Revenue would be recycled back into agriculture sector through new technology, research and incentive payments to farmers.

The Government is seeking feedback. This includes how the levy will be set, governance arrangements of the system, how farmers will report and pay for their emissions, and recognising sequestration.

If an alternative pricing system is not implemented by 1 January 2025, the Climate Change Response Act 2002 states that agricultural emissions will be priced under the New Zealand Emissions Trading Scheme (NZ ETS).

Consultation will close on 18 November 2022. Once submissions have been considered, final proposals will go to Ministers for approval in early 2023.

The Government said it included "many" of the recommendations of the He Waka Eke Noa Partnership of agriculture sector groups for farm-level emissions pricing, and proposed modifications in the consultation document based on advice from the Climate Change Commission. 

Prime Minister Jacinda Arder said: “This is an important step forward in New Zealand’s transition to a low emissions future and delivers on our promise to price agriculture emissions from 2025.

“The proposal aims to give New Zealand farmers control over their farming system, providing the ability to reduce costs through revenue raised from the system being recycled back to farmers, which will fund further research, tools and technology and incentives to reduce emissions.
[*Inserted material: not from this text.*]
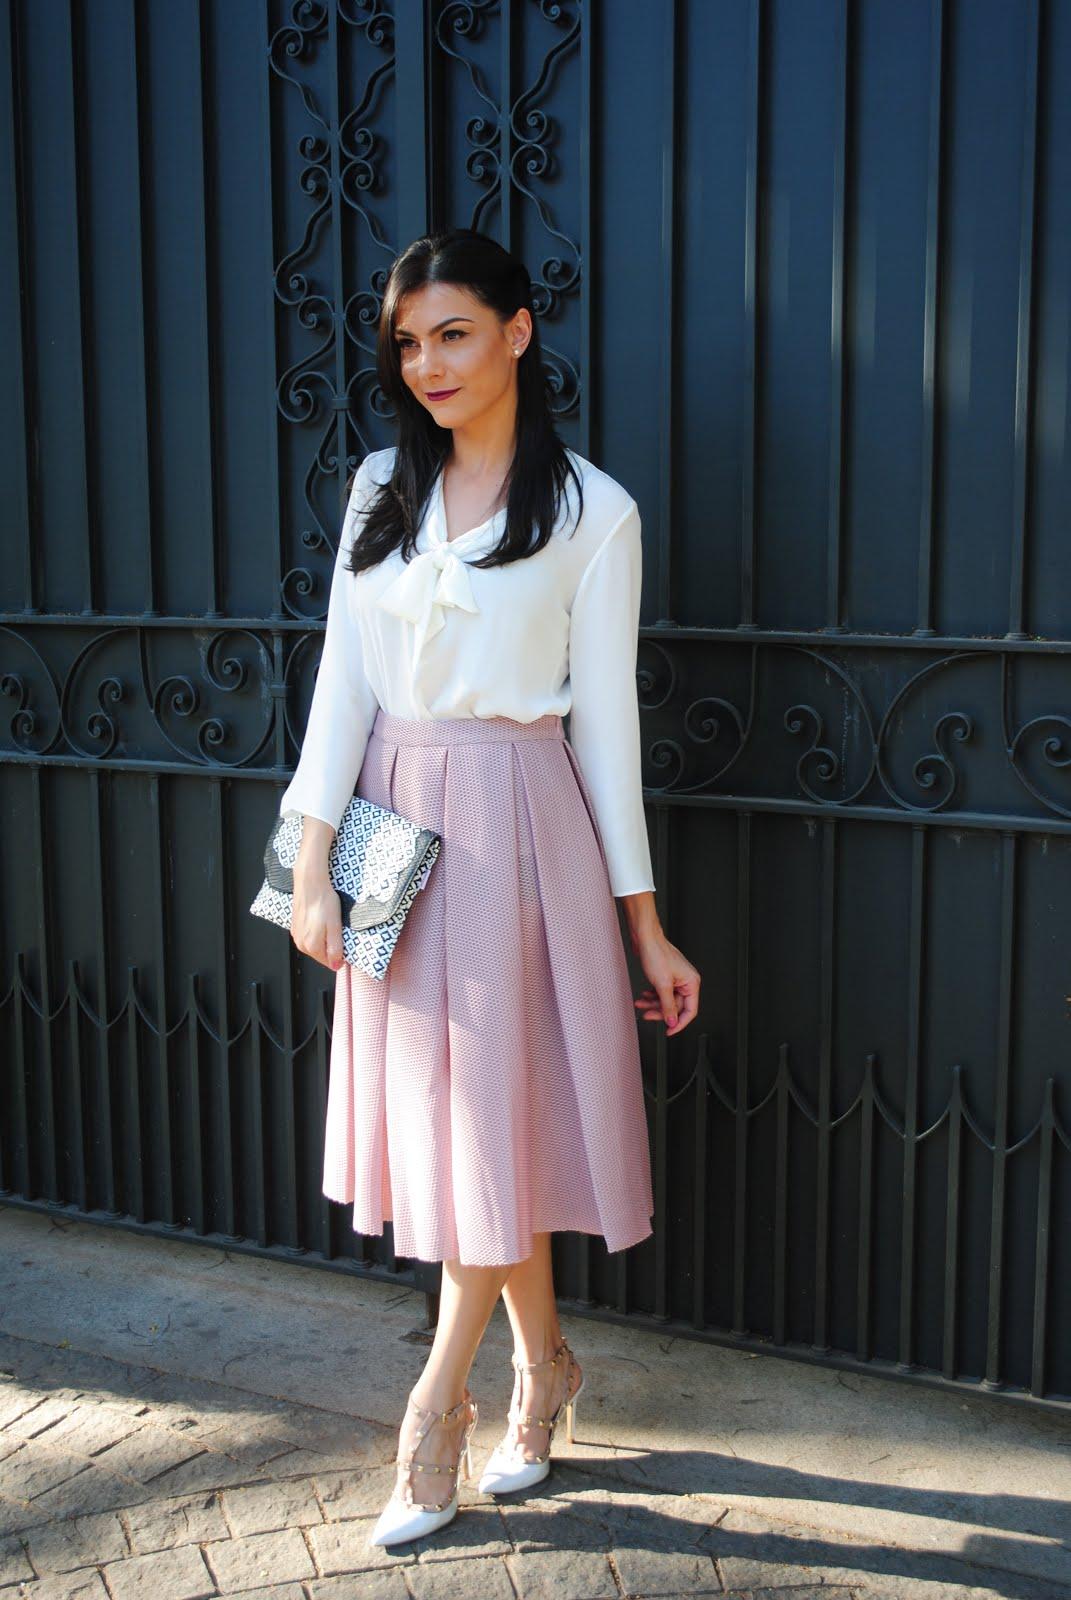 Romwe skirt - Blog Cris Felix

The details of the proposals are available here:

Climate Change Minister James Shaw said by 2025 New Zealand would introduce a system that means farmers pay a price for their emissions "and are rewarded for taking action to reduce their climate pollution". 

“The levy improves on the proposal put forward by the He Waka Eke Noa partnership and brings New Zealand’s gross methane reduction targets within reach. It is better than the ‘backstop’ of bringing agriculture into the Emissions Trading Scheme, which could see agribusiness simply offsetting farm emissions without making any actual changes to reduce emissions on farms. 

“Cabinet considered a range of options alongside the levy, including a system based on managing the total volume of pollution, rather than managing the price. While this was not Cabinet’s preferred option for 2025, we are seeking feedback on its merits.

“There are a few other outstanding issues which we are keen to hear views about, such as how nitrous oxide emissions from fertiliser should be treated,” Shaw said.

It’s been three years since the Government, farming leaders and Māori formed the world first He Waka Eke Noa – Primary Sector Climate Action Partnership (the Partnership) to reduce agricultural emissions.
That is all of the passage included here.